Here are 6 tips that give you their top recommendations to decrease cortisol levels and thus catabolic metabolism while you increase anabolic metabolism and experience optimal health.


     1. Eliminate caffeine from your diet. It’s the quickest way to reduce cortisol production and elevate the production of DHEA, the leading anabolic youth hormone. 200 mg of caffeine (one 12 oz mug of coffee) increases blood cortisol levels by 30% in one hour! Cortisol can remain elevated for up to 18 hours in the blood. This is the easiest step to decrease your catabolic metabolism and increase your anabolic metabolism.

     2. Sleep deeper and longer. The average 50 year old has nighttime cortisol levels more than 30 times higher than the average 30 year old. Try taking melatonin, a natural hormone produced at night that helps regulate sleep/wake cycles, before going to sleep to boost your own melatonin production that also decreases with age. You may not need it every night, but if you are waking up in the middle of the night or too early in the morning, melatonin can help you sleep deeper and lengthen your sleep cycle. If you get sleepy during the day even though you had plenty of rest, back off the melatonin for a while. It’s a sign you are getting too much.

     3. Exercise regularly to build muscle mass and increase brain output of serotonin and dopamine, brain chemicals that reduce anxiety and depression.

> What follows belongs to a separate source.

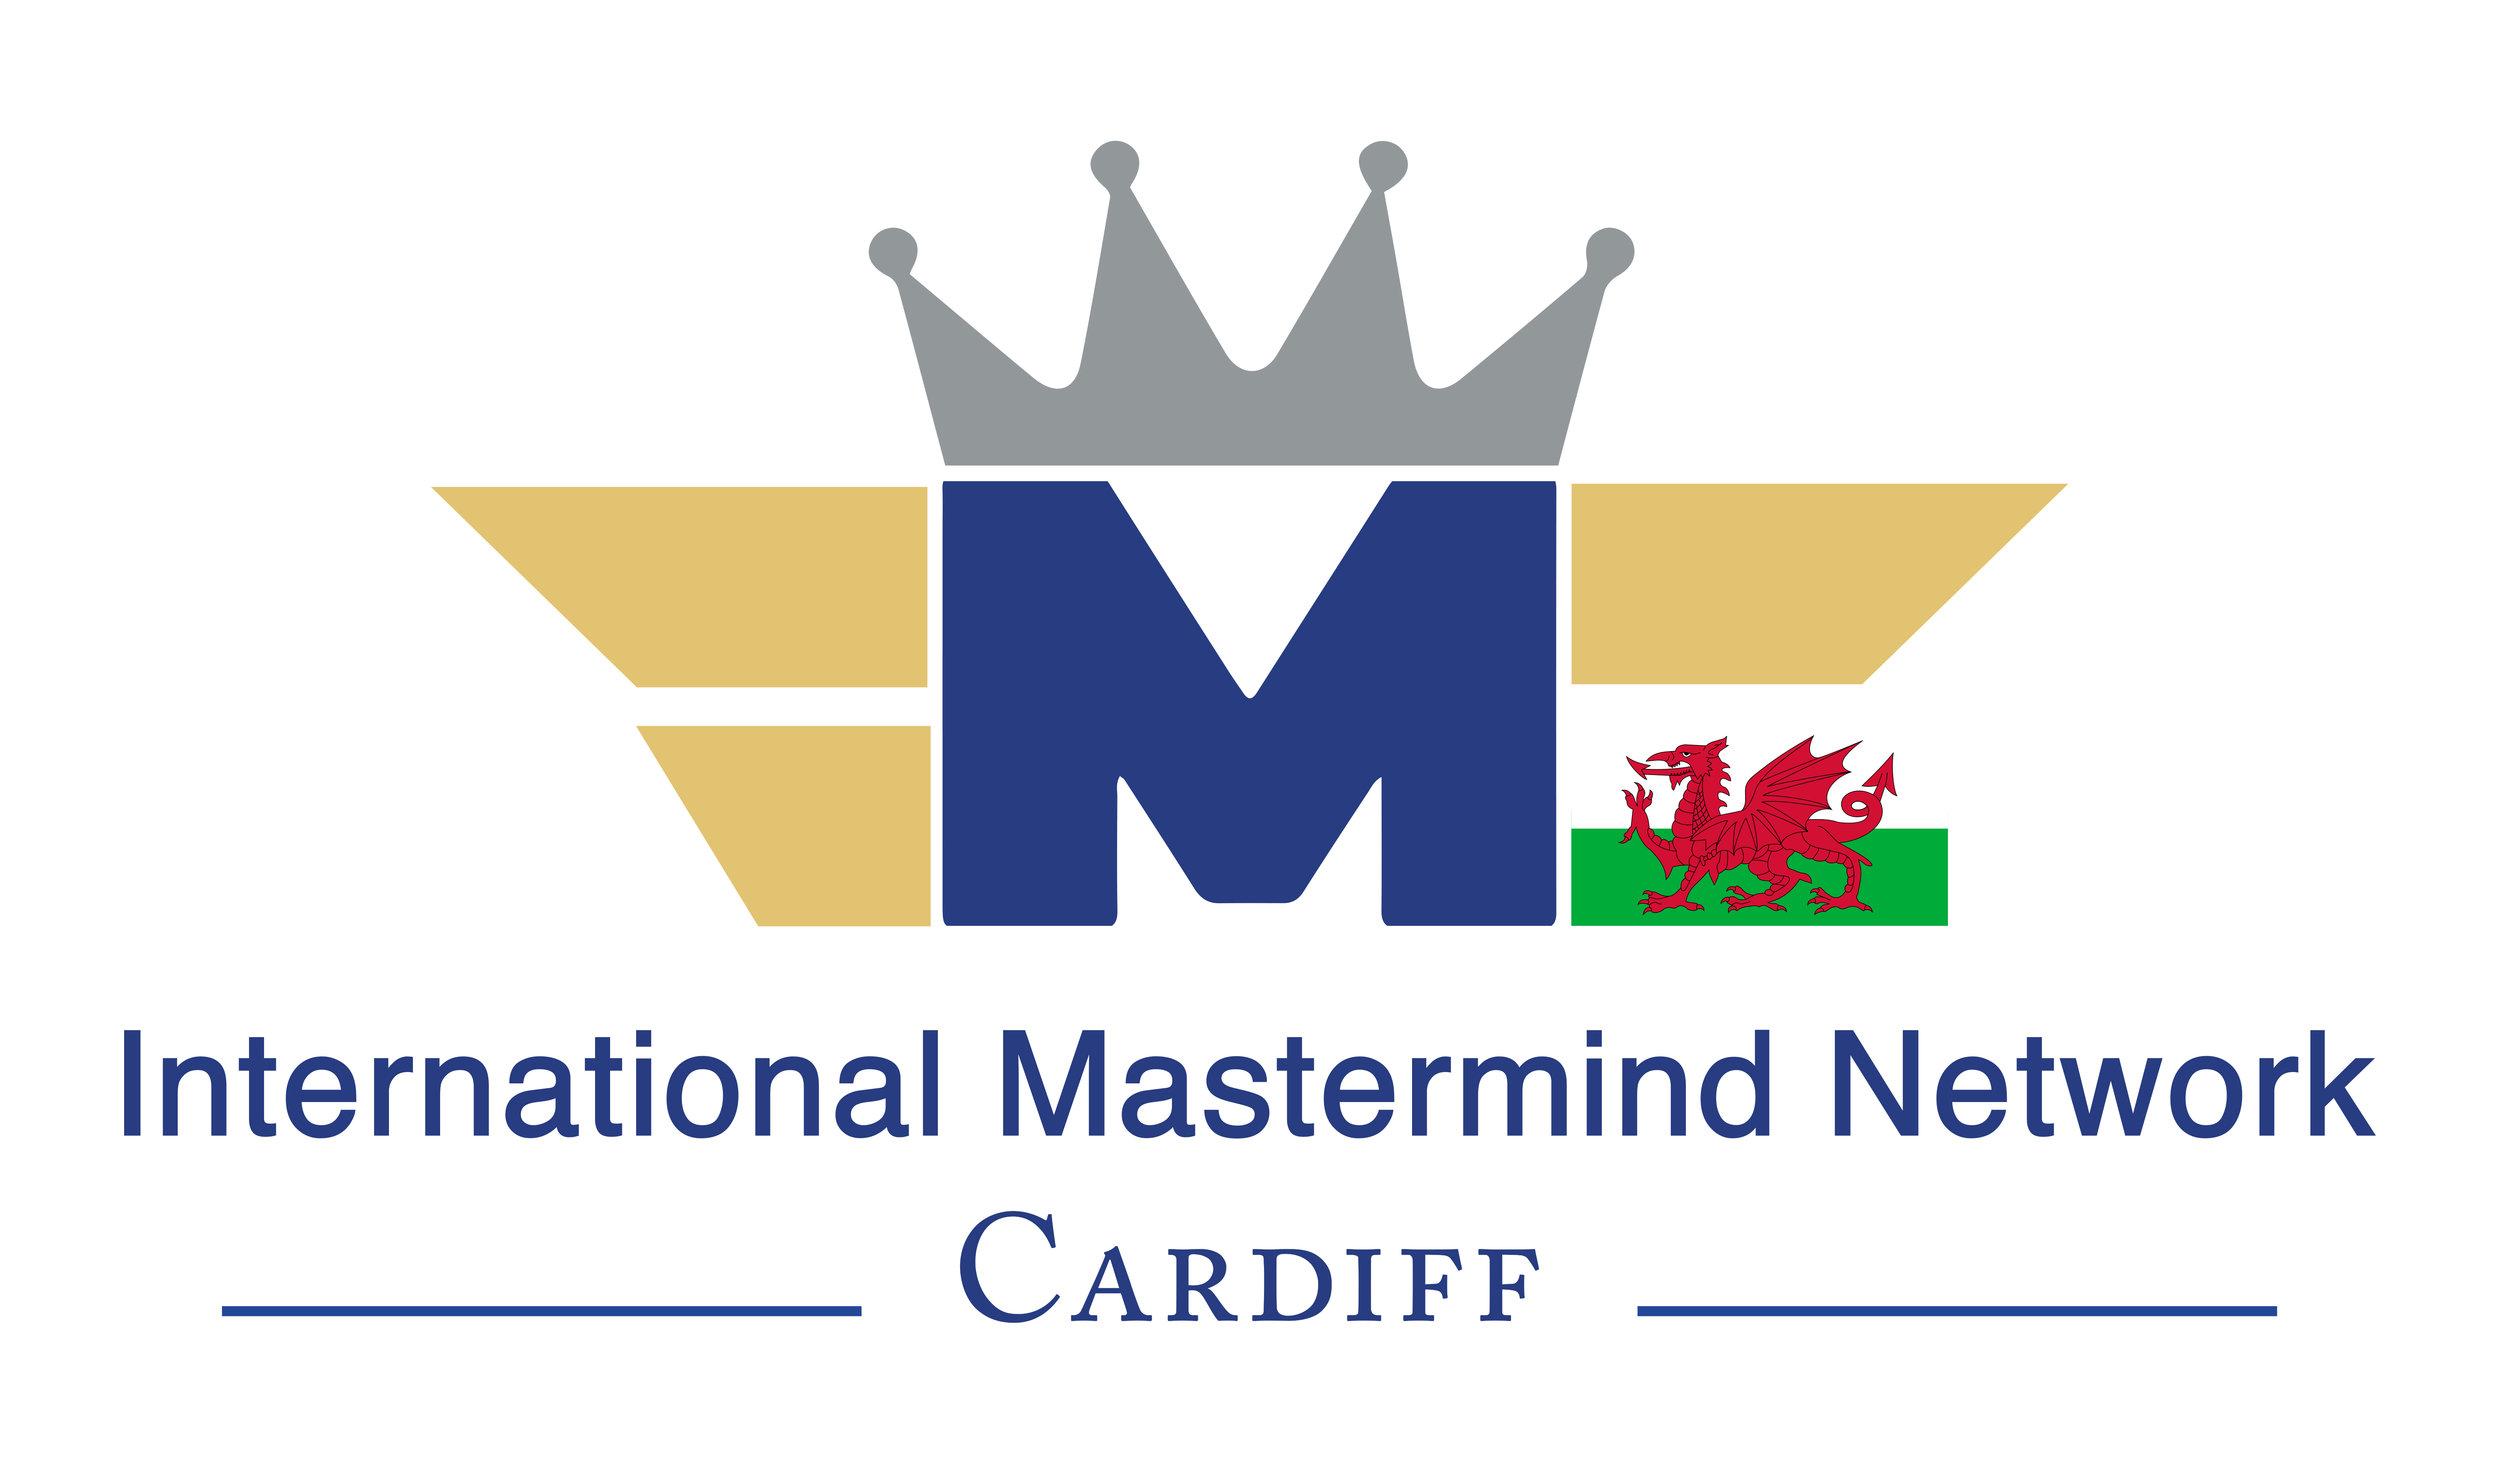 IMN-Cardiff-Logo jpg.jpg

Cherniske recommends taking DHEA supplements to shorten the adaptation period when out-of-shape muscles and cardiovascular system discourage people from continuing to exercise before they get in shape. DHEA also accelerates the building of muscle mass and increases the feeling of being strong and energetic.

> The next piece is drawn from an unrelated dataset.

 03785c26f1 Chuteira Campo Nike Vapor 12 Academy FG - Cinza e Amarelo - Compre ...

     4. Keep your blood sugar stable. Avoid sugar in the diet and refined carbohydrates to keep from spiking your insulin production. Eat frequent small meals balanced in protein, complex carbohydrates and good fats like olive oil and flax seed oil. Diets rich in complex carbohydrates keep cortisol levels lower than low carbohydrate diets. Keep well hydrated – dehydration puts the body in stress and raises cortisol levels. Keep pure water by your bed and drink it when you first wake up and before you go to sleep.

     5. Take anti-stress supplements like B vitamins, minerals like calcium, magnesium, chromium and zinc, and antioxidants like vitamin C, alpha lipoic acid, grapeseed extract, and Co Q 10. Adaptogen herbs like ginseng, astragalus, eleuthero, schizandra, Tulsi (holy basil) rhodiola and ashwagandha help the body cope with the side effects of stress and rebalance the metabolism. These supplement and herbs will not only lower cortisol levels but they will also help you decrease the effects of stress on the body by boosting the immune system.

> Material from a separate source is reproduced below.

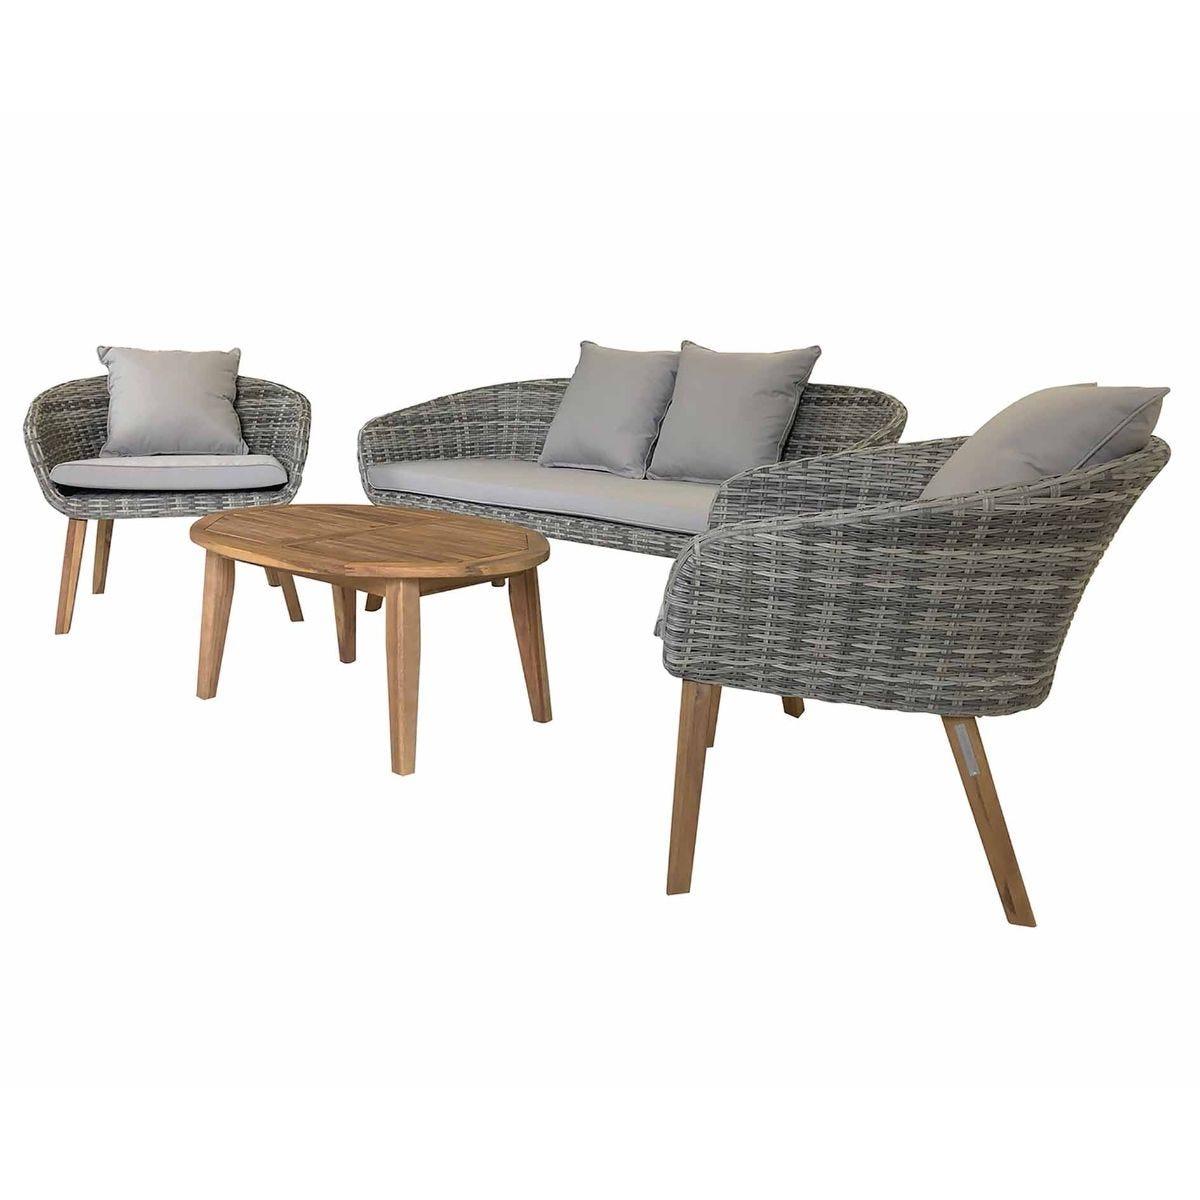 Charles Bentley Madrid Rattan Garden Lounge Set, Grey
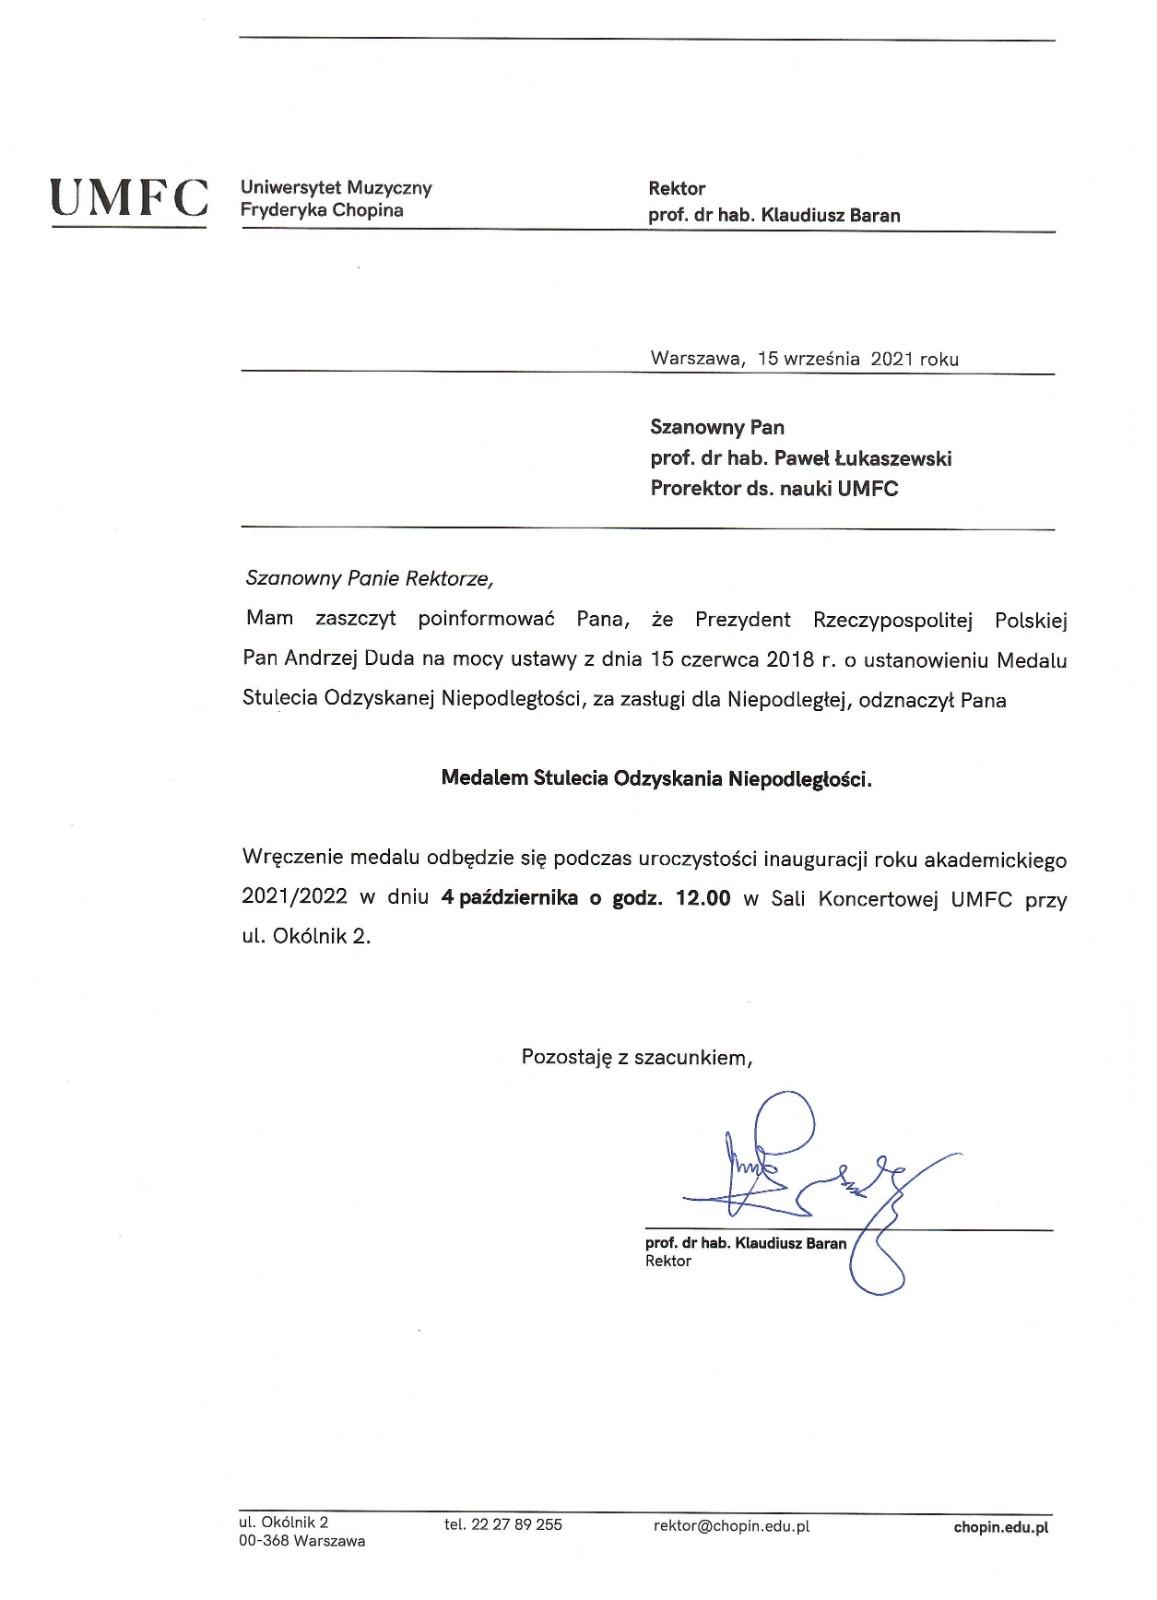 https://lukaszewski.org.uk/wp-content/uploads/2021/10/Medal-Stulecia-Odzyskania-Niepodleglosci.jpeg

     6. Meditate or listen to relaxation tapes that promote the production of alpha (focused alertness) and theta (relaxed) brain waves. Avoid jolting alarm clocks that take you from delta waves (deep sleep) to beta waves (agitated and anxious) and stimulants like caffeine that promote beta waves while suppressing alpha and theta waves.

For a deeper exploration of the role of cortisol and the consequences of long-term elevation of stress hormones in the body, read The Cortisol Connection by Shawn Talbott, Ph.D. and The Metabolic Plan by Stephen Cherniske, M.S.